Initial reports indicated that a 24-year-old nephew who lived with him at his San Andres home was the last to see him alive at breakfast on the day Diego died.
Maradona was one of the most gifted athletes of all time and almost single-handedly inspired Argentina to win the 1986 World Cup in Mexico
Maradona reportedly told his relative that I was not well before he went back to bed and died in his sleep, before investigators were told he never got up to eat on Wednesday.
Diego's nephew told investigators he last saw him when he went to bed around 11 p.m. on Tuesday. An uneaten nightly sandwich snack was one of the items the police found in his room.
A night shift nurse told investigators that he saw Maradona "slept and breathed normally in bed" at around 6:30 am on Wednesday.
A report in the hands of prosecutors who led an investigation into the death of the retired football player, leaked to Argentine media and signed by a nurse named Dahiana Gisela Madrid, who took over around the same time, said: “At 6:30 am I started my shift and the patient was resting.
Maradona (C) is kissed by his daughters Giannina (L) and Dalma when he attends the screening of the documentary "Maradona by Kusturica" by the Serbian director Emir Kusturica at the 61st Cannes International Film Festival
At 7:30 a.m. he can be heard walking around his room. At 8:30 a.m., he continues to rest. At 9:20 a.m. he refuses to have his vital functions monitored. & # 39;
The health report from private medical firm Medidom is now at the center of an ongoing investigation after the nurse reportedly told investigators that she had never gone into Diego & # 39; s bedroom to check on him the morning of his death.
The local Telam news agency, quoting court sources in a report that was widely repeated in the Argentine press, said the nurse alleged in her second affidavit that she was "made to lie" for the Medidom report.
The witness added in that second statement that she was written in a report for Medidom, where she is part of the care team that helps people receiving home health care, that she had tried to monitor Maradona's vital signs when the The reality of this is that she's letting him rest, ”the report said.
It was not made crystal clear whether she claimed her bosses forced her to file the "wrong" report because they feared Maradona's death was negligent or her hand was coerced by others.
Psychiatrist Susana Cosachov and psychologist Carlos Diaz, who were part of Maradona's care team, reportedly entered the room just before noon and made several unsuccessful attempts to revive it before calling 999.

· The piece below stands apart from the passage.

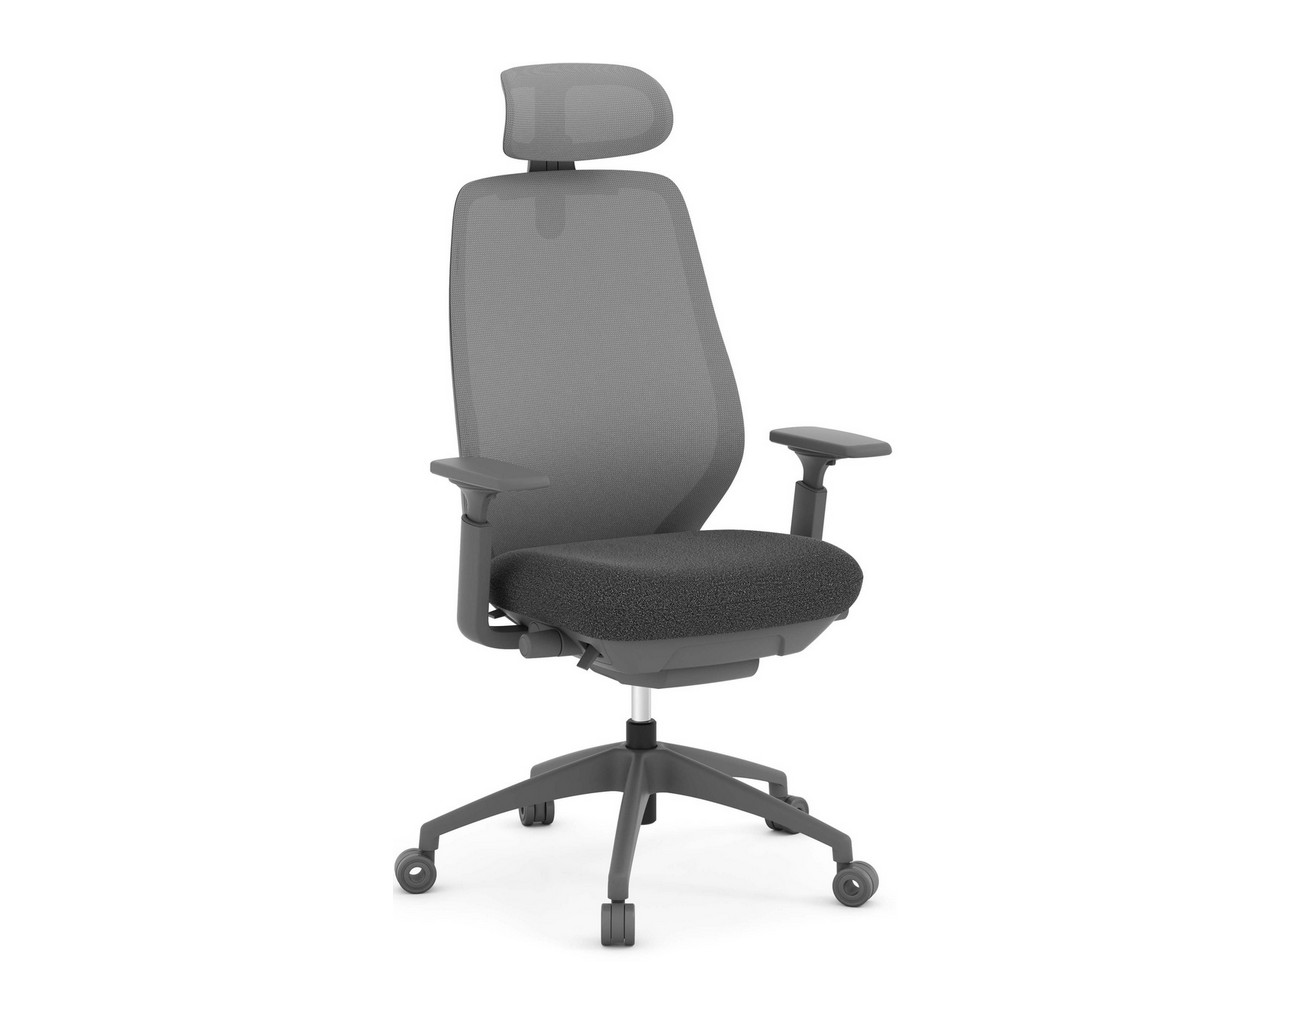 AX Deluxe Executive Chair with Headrest
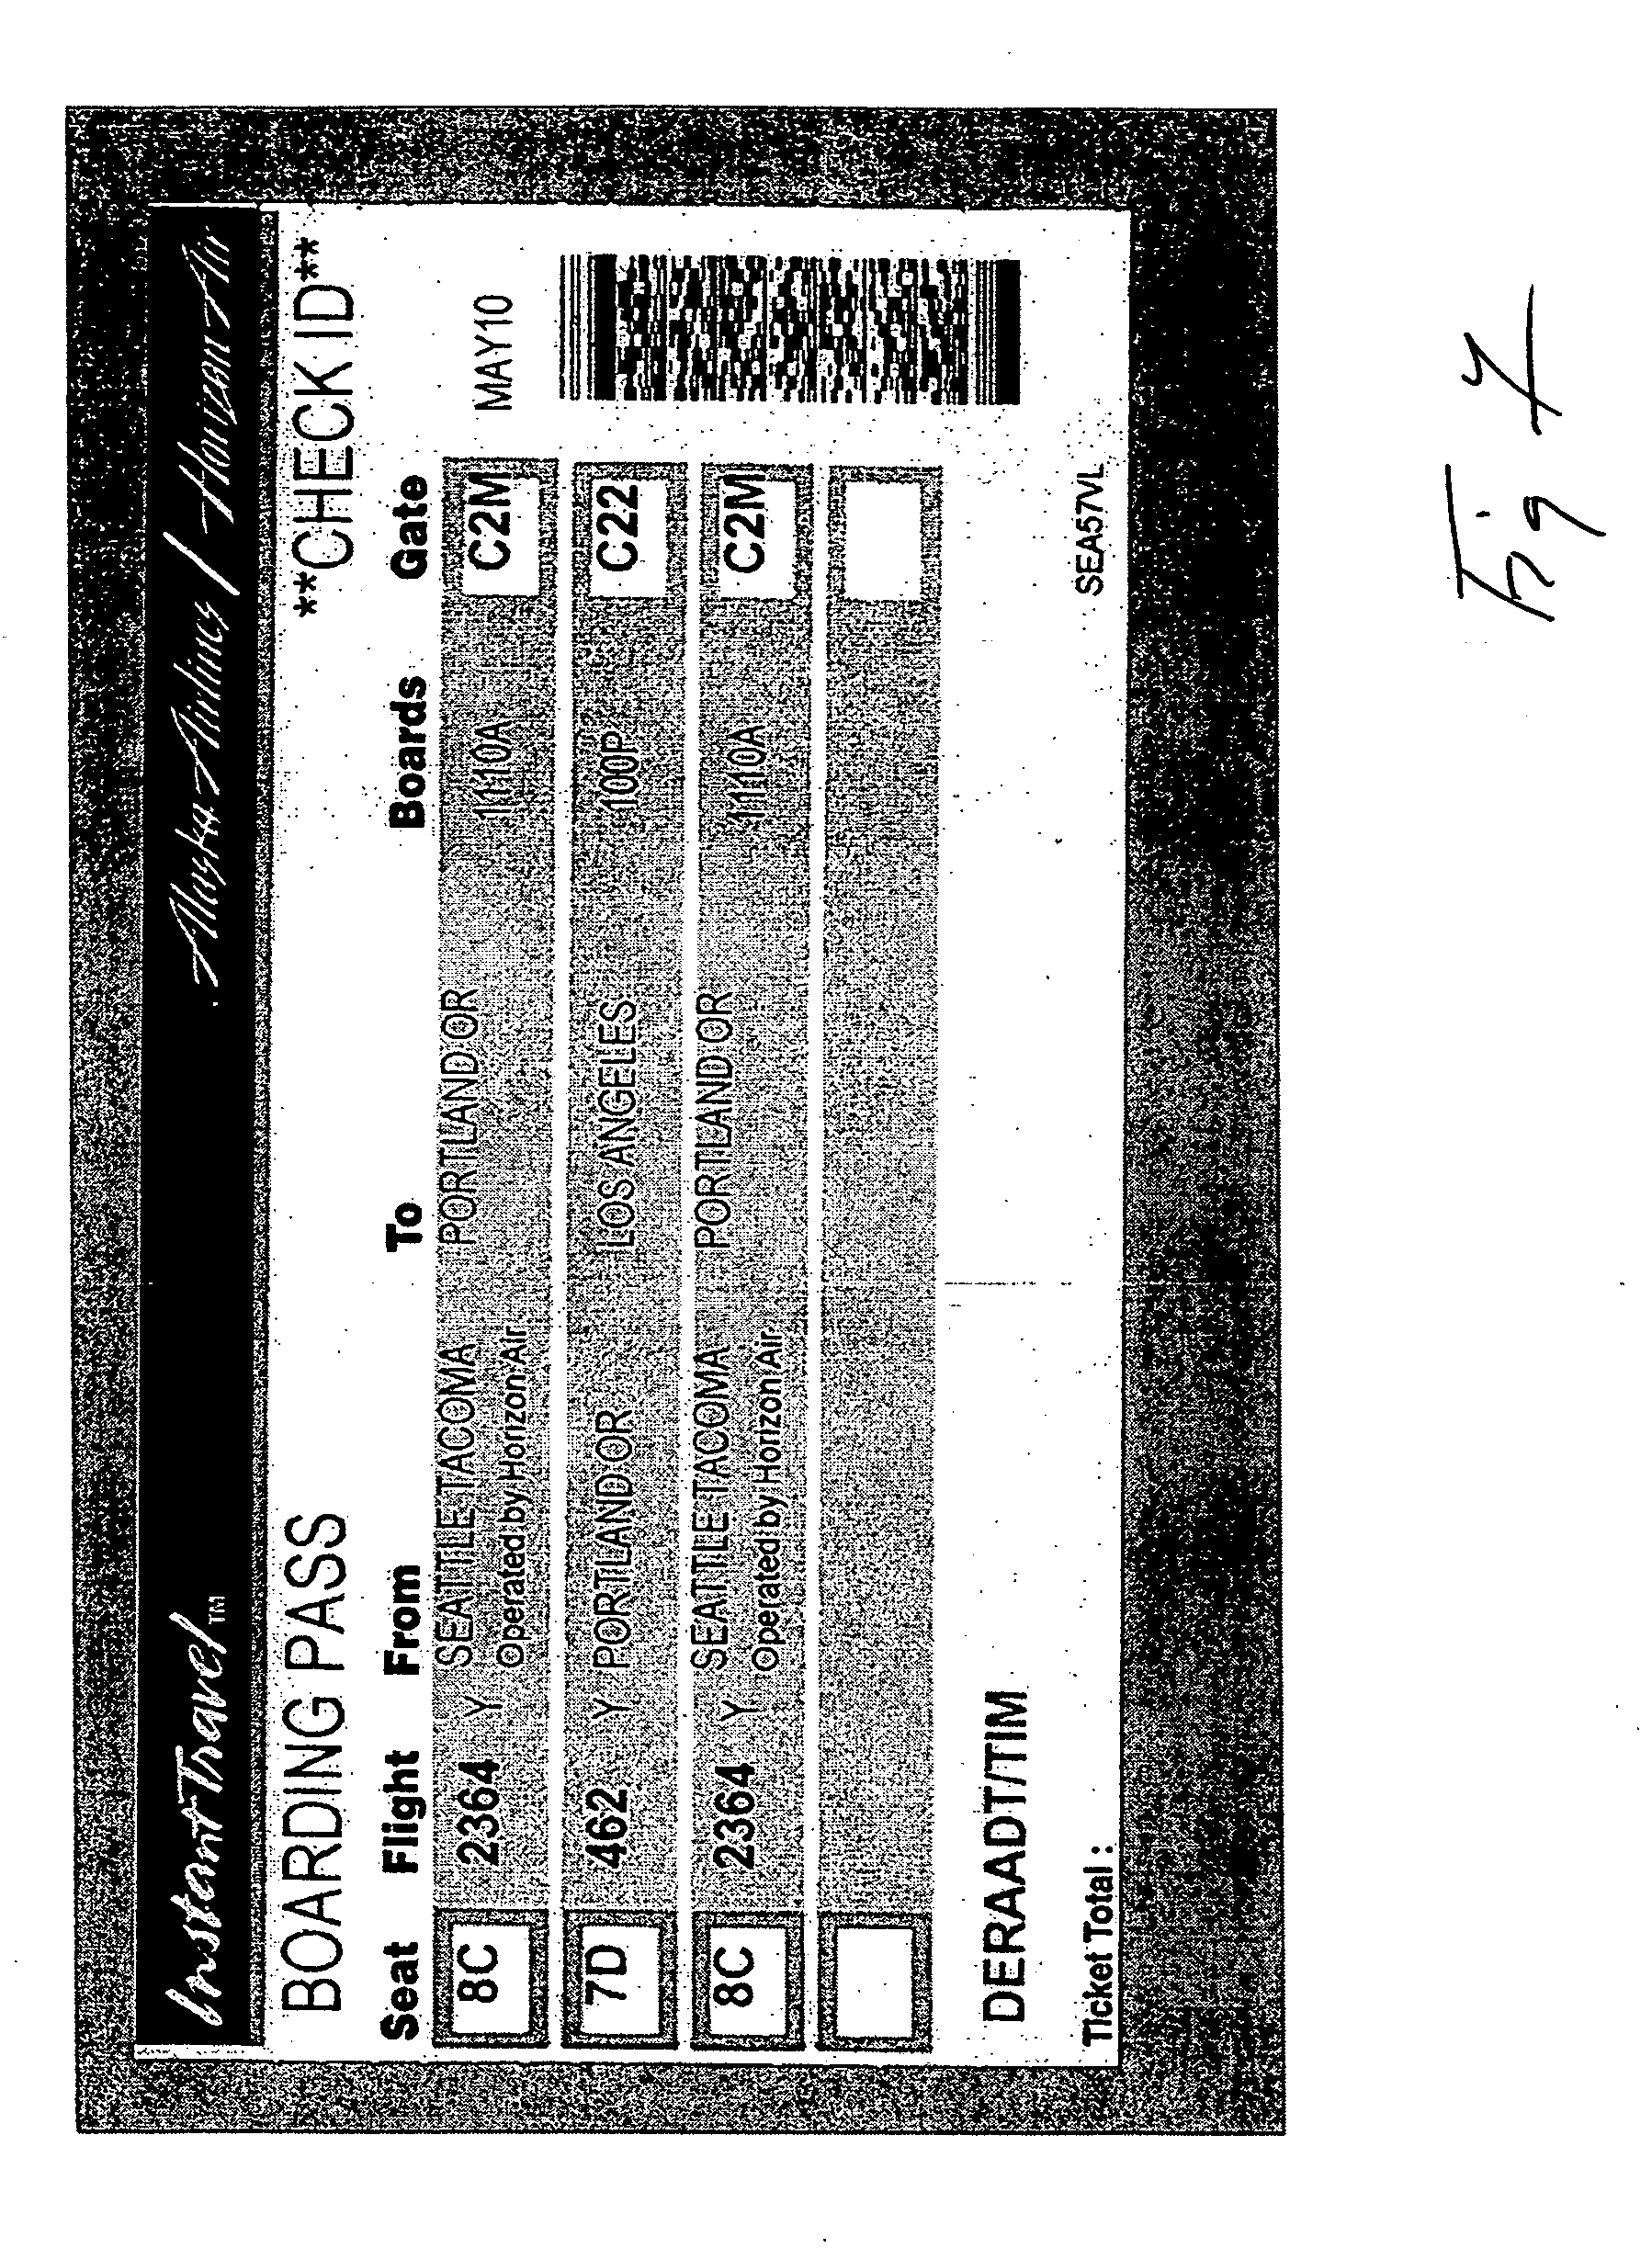 Method of selecting and storing airline ticket data

Maradona passes the ball past Peter Shilton and opens the gate in the quarter-finals of the 1986 Argentina World Cup against England
A recording of Maradonas Leiboldo Luque's call to ambulance services indicating that he has suffered a suspected cardiac arrest has been leaked to Argentine media.
The 60-year-old former star from Naples and Barcelona was pronounced dead around noon on Wednesday. Initial results after death showed that the recovering cocaine addict, who also had alcohol problems, suffered from heart failure, which caused pulmonary edema.
Health professionals are also believed to have discovered advanced cardiomyopathy, a condition in which the heart muscle weakens and enlarges and cannot pump enough blood to the rest of the body.
Pulmonary edema, the accumulation of fluid in the lung tissue and air spaces, is in most cases caused by heart problems.
Prosecutors are analyzing CCTV footage from the cameras on the property where Diego lived and the cell phones of the nurses who looked after him in the hours before he died.
Leopoldo Luque was not in the rented house Maradona was using when he died.
A judicial source told the prestigious Argentine newspaper La Nacion: "Since Luque was Maradona's personal physician, it was decided to search his home and office to look for any documents showing whether there were any irregularities during Maradona's treatment at home. "
It is believed that investigators are looking for details of the drug Maradona will be given, as well as his health records and other documents that could play a key role in the investigation.
30 police and judicial officers are said to be at Luque's home and another at his work address.